The aim is to define the "ideal" result adapted to the rest of the face, wishes and personality of the patient.
The surgeon, having understood the patient's request, becomes his or her guide in choosing the future result and the technique to be used.
He/she may sometimes advise against the intervention.
The expected result can be simulated by retouching photographs or computer morphing. The virtual image thus obtained is only a project that can help in understanding patients' expectations. However, there can be no commitment that the result achieved will be superimposed on it at all points.
A regular preoperative check-up is carried out in accordance with the prescriptions.
Each surgeon adopts procedures that are specific to him/her and that he/she adapts to each case to electively correct the defects present and obtain the best results. This makes it difficult to systematize the intervention. However, common basic principles can be drawn from them:
They are hidden, most often inside the nostrils or under the upper lip, so there are no visible scars on the outside.
Sometimes, however, external incisions may be required: they are across the columella (pillar separating the two nostrils) to perform an "open" rhinoplasty or hidden at the base of the nose wings if the size of the nostrils is to be reduced.
The osteocartilaginous infrastructure can then be reshaped according to the established program. This fundamental step can implement an infinite number of procedures, the choice of which will depend on the anomalies to be corrected and the surgeon's technical preferences. This will allow us to narrow a nose that is too wide, remove a hump, correct a deviation, refine a tip, shorten a nose that is too long, straighten a partition. Sometimes, cartilage or bone grafts will be used to fill a depression, support a portion of the nose or improve the shape of the tip.
Types d’anesthésie et modalités d’hospitalisation :
MEDICAIM provides for a consultation at the latest 48 hours before the intervention. It is essential to remain fasting (do not eat or drink anything) 6 hours before the operation.
Type of anesthesia:
Usually the procedure is performed under general anesthesia. However, in some cases, a local anaesthesia with tranquilizers administered intravenously ("vigilant" anaesthesia) may be sufficient.
The choice between these different techniques will be the result of a discussion between you, the surgeon and the anesthesiologist.
The procedure can be performed on an "outpatient" basis, i.e. with a same-day discharge after a few hours of supervision. However, depending on the case, a short hospital stay may be preferable. The entry is then made in the morning (or sometimes the day before) and the exit is authorized the next day or the day after.
Sutures: The incisions are closed with small sutures, most often resorbable.
Bandages and splints: Nasal cavities can be mixed with different absorbent materials. A shaping bandage is often applied to the surface of the nose using small adhesive strips. Finally, a support and protection splint, made of plaster or plastic or metal, is moulded and fixed on the nose, sometimes going up to the forehead.

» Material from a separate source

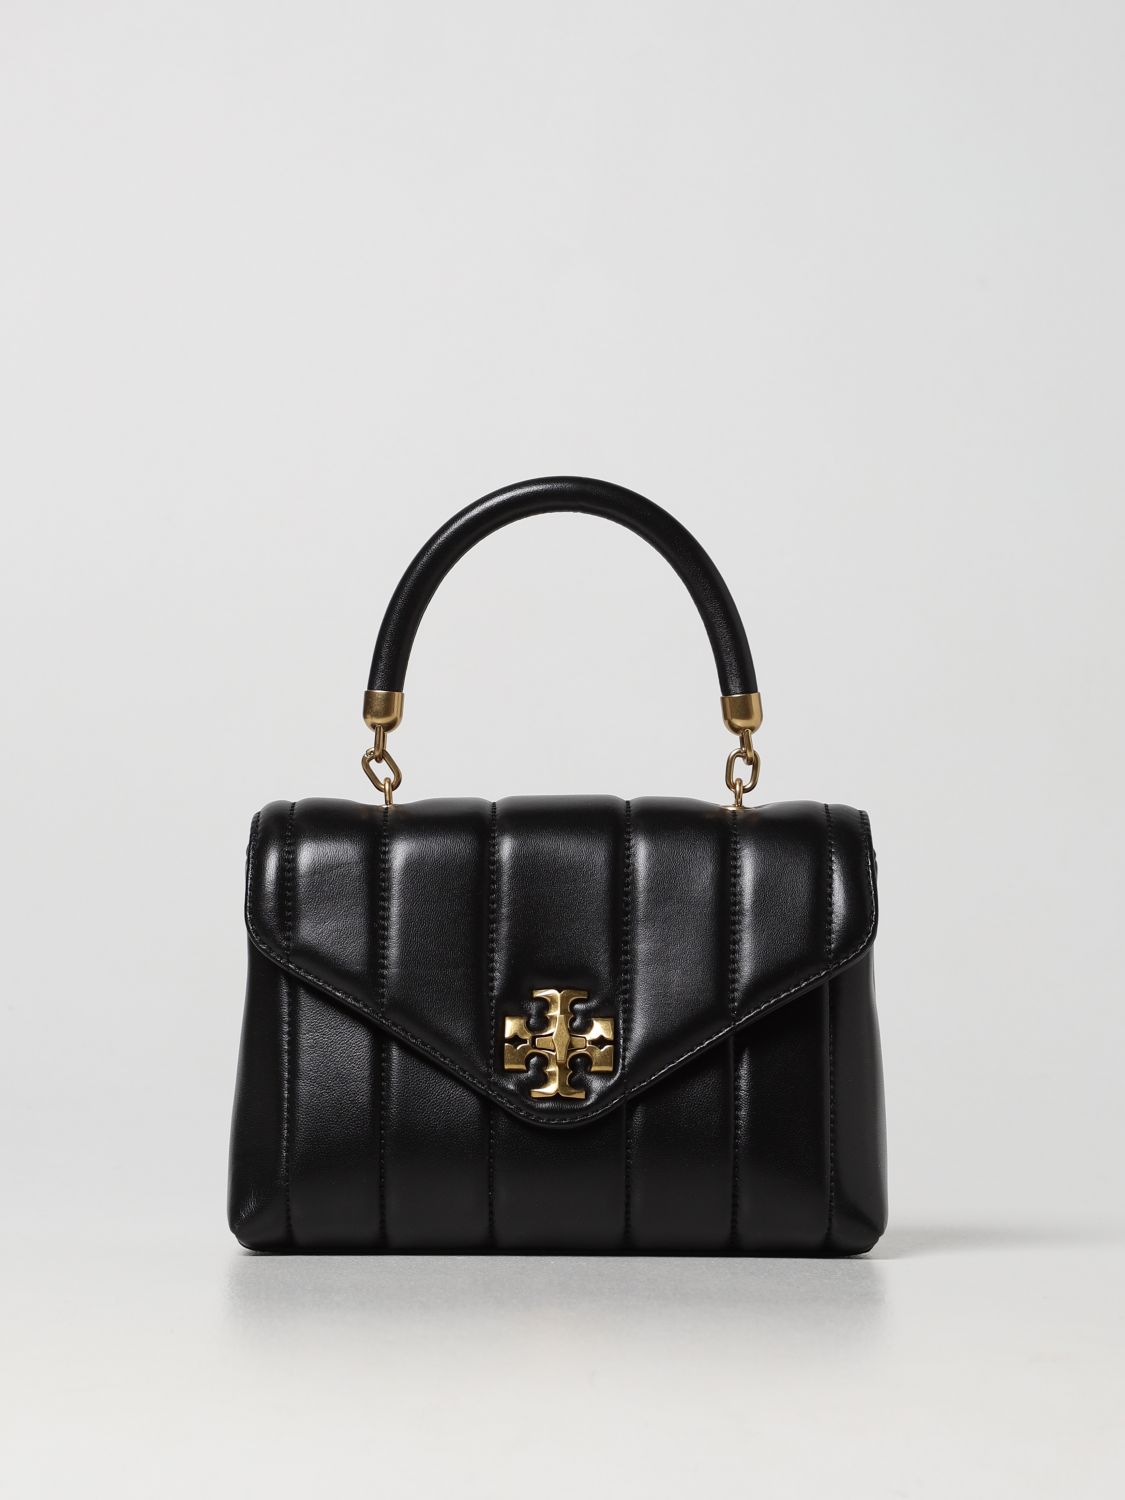 TORY BURCH: Kira bag in quilted leather - Black | Tory Burch handbag ...

Depending on the surgeon, the extent of the improvements to be made, and the possible need for additional procedures, the procedure can last from 45 minutes to two hours.
After the intervention:
The consequences are rarely painful and it is rather the impossibility of breathing through the nose (due to the presence of the wicks) that constitutes the main inconvenience of the first few days.
Oedema (swelling) and sometimes bruises are observed, especially on the eyelids, and the extent and duration of these bruises vary greatly from one individual to another.

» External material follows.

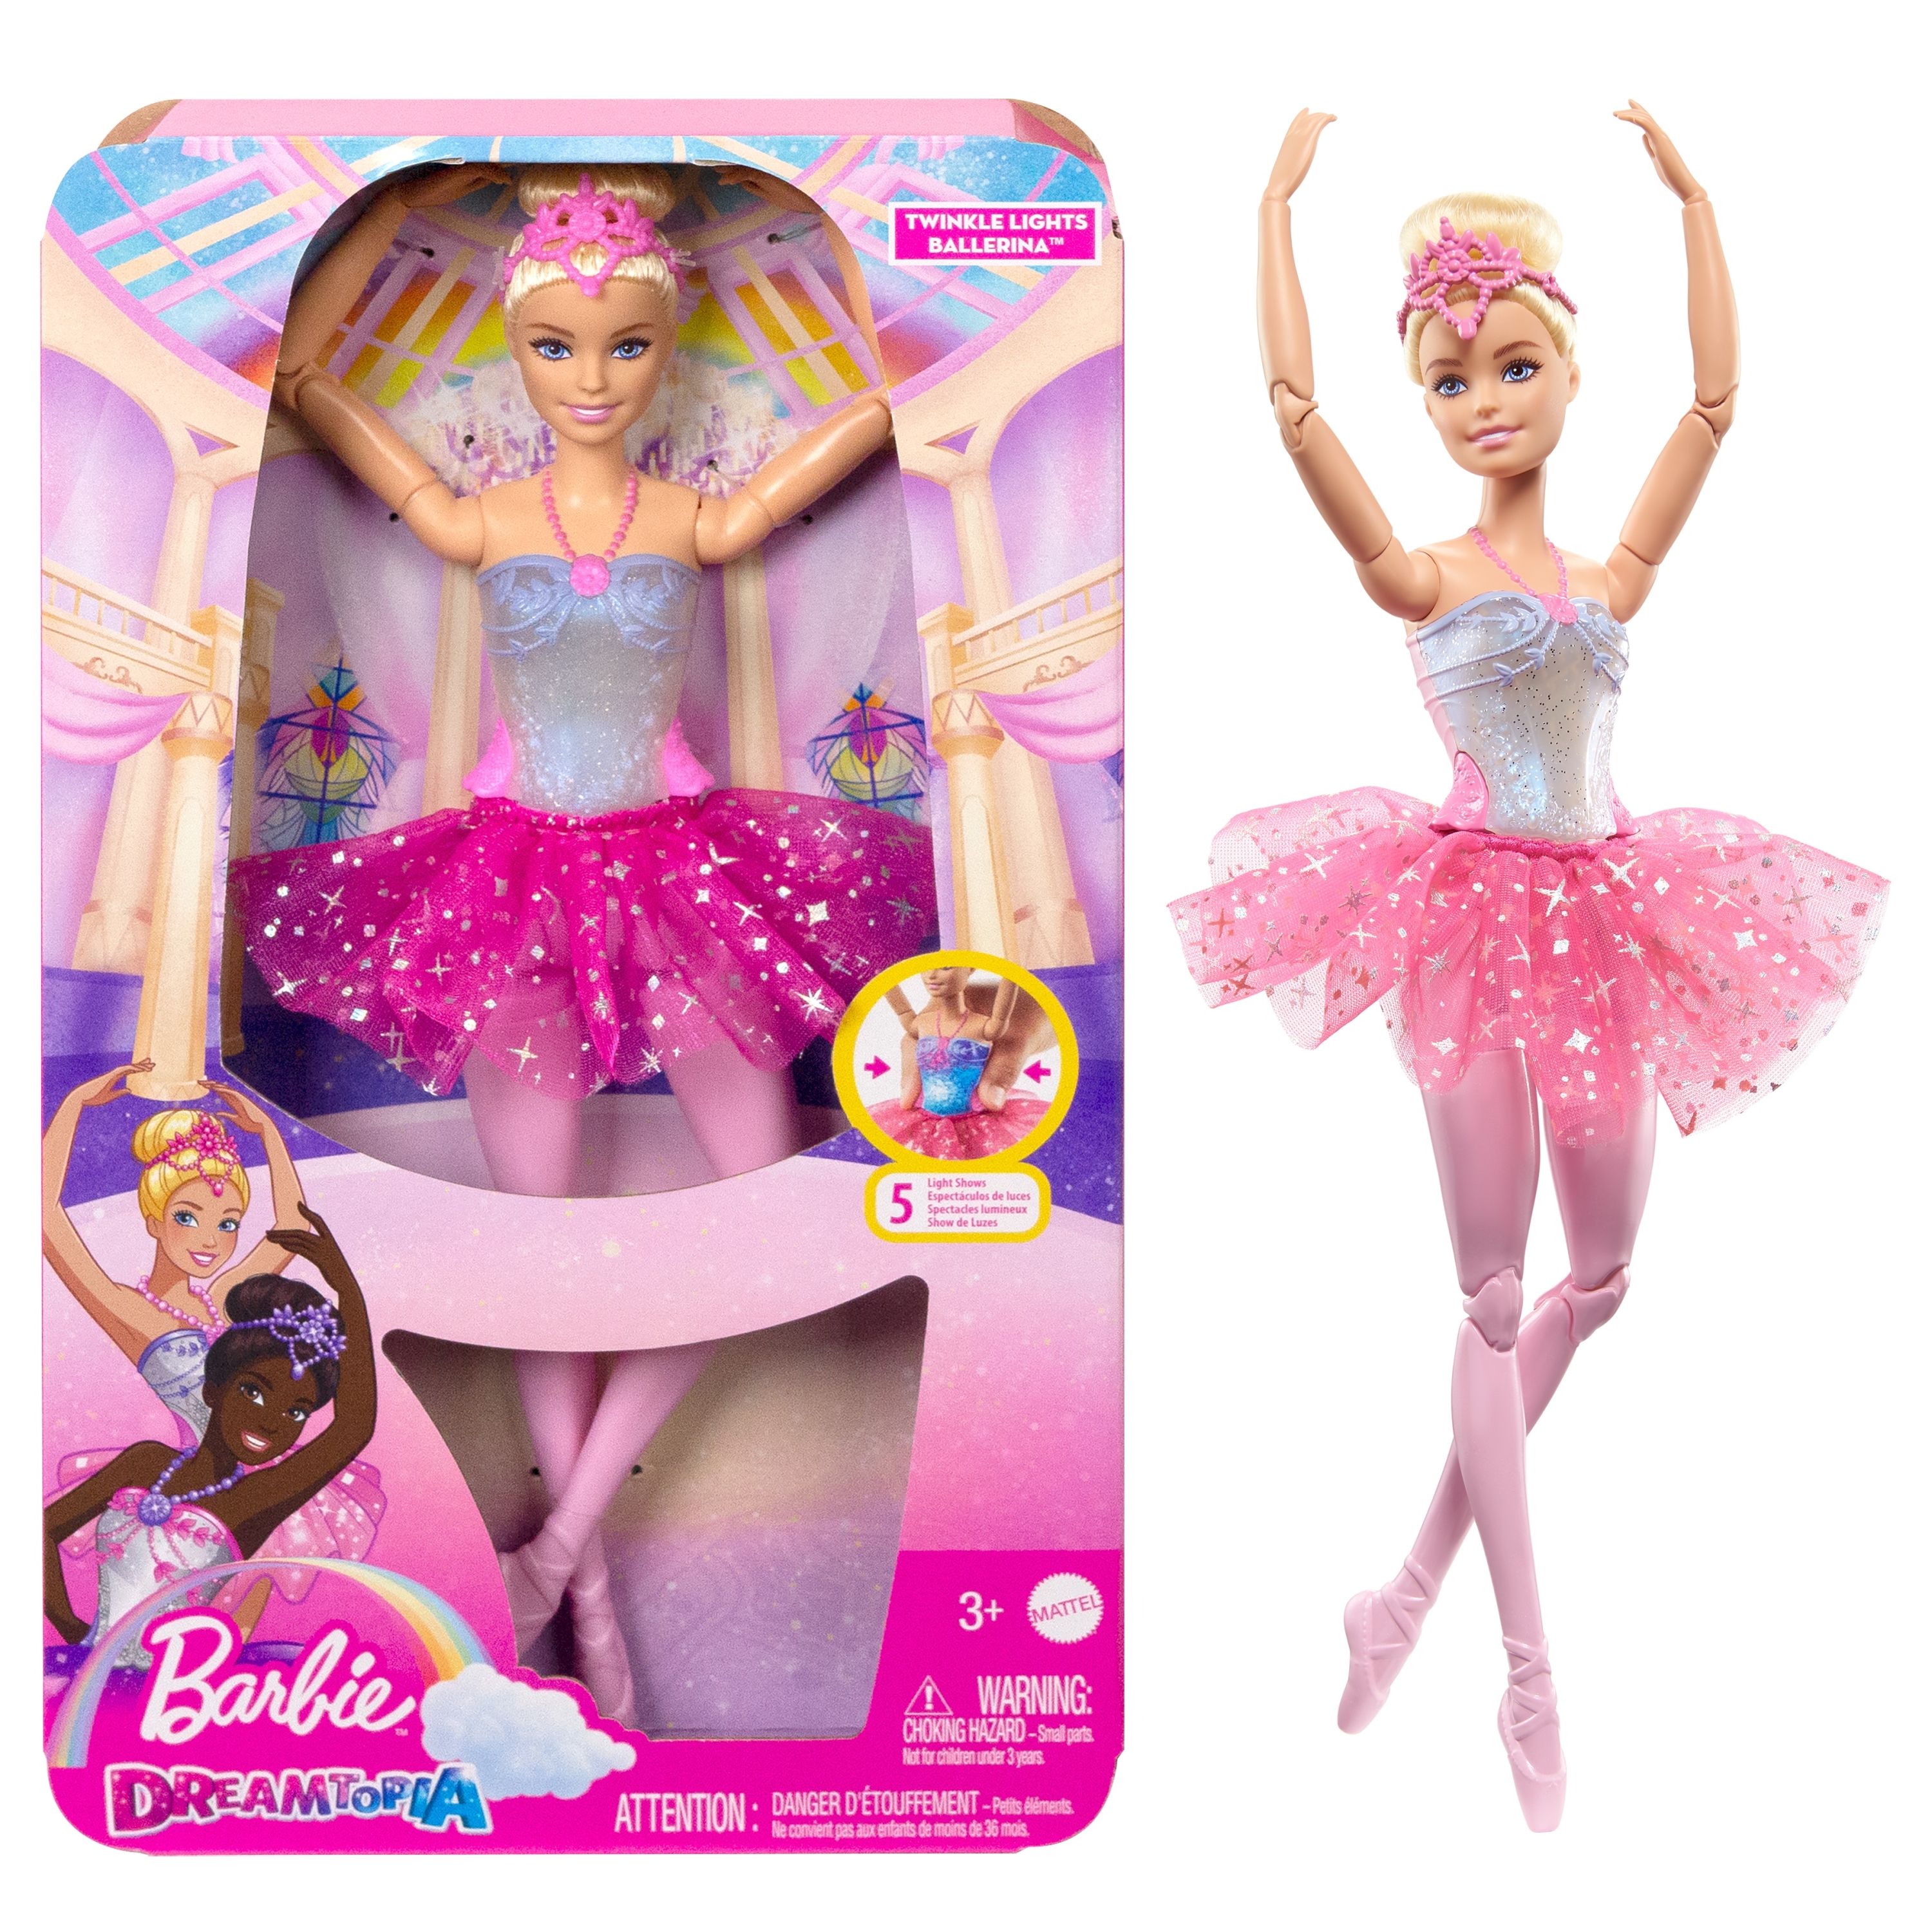 Кукла"Mattel"BarbDr,Балерина,TwinkLights

It is recommended to rest and make no effort on the days following the procedure.
The wicks are removed between the 1st and 5th day post-operatively. The splint is removed between the 5th and 8th day, where it will sometimes be replaced by a new smaller splint for a few more days.
The nose will then still appear quite massive due to the oedema and respiratory discomfort will still be present, due to the swelling of the mucous membrane and the possible formation of scabs in the nasal cavities.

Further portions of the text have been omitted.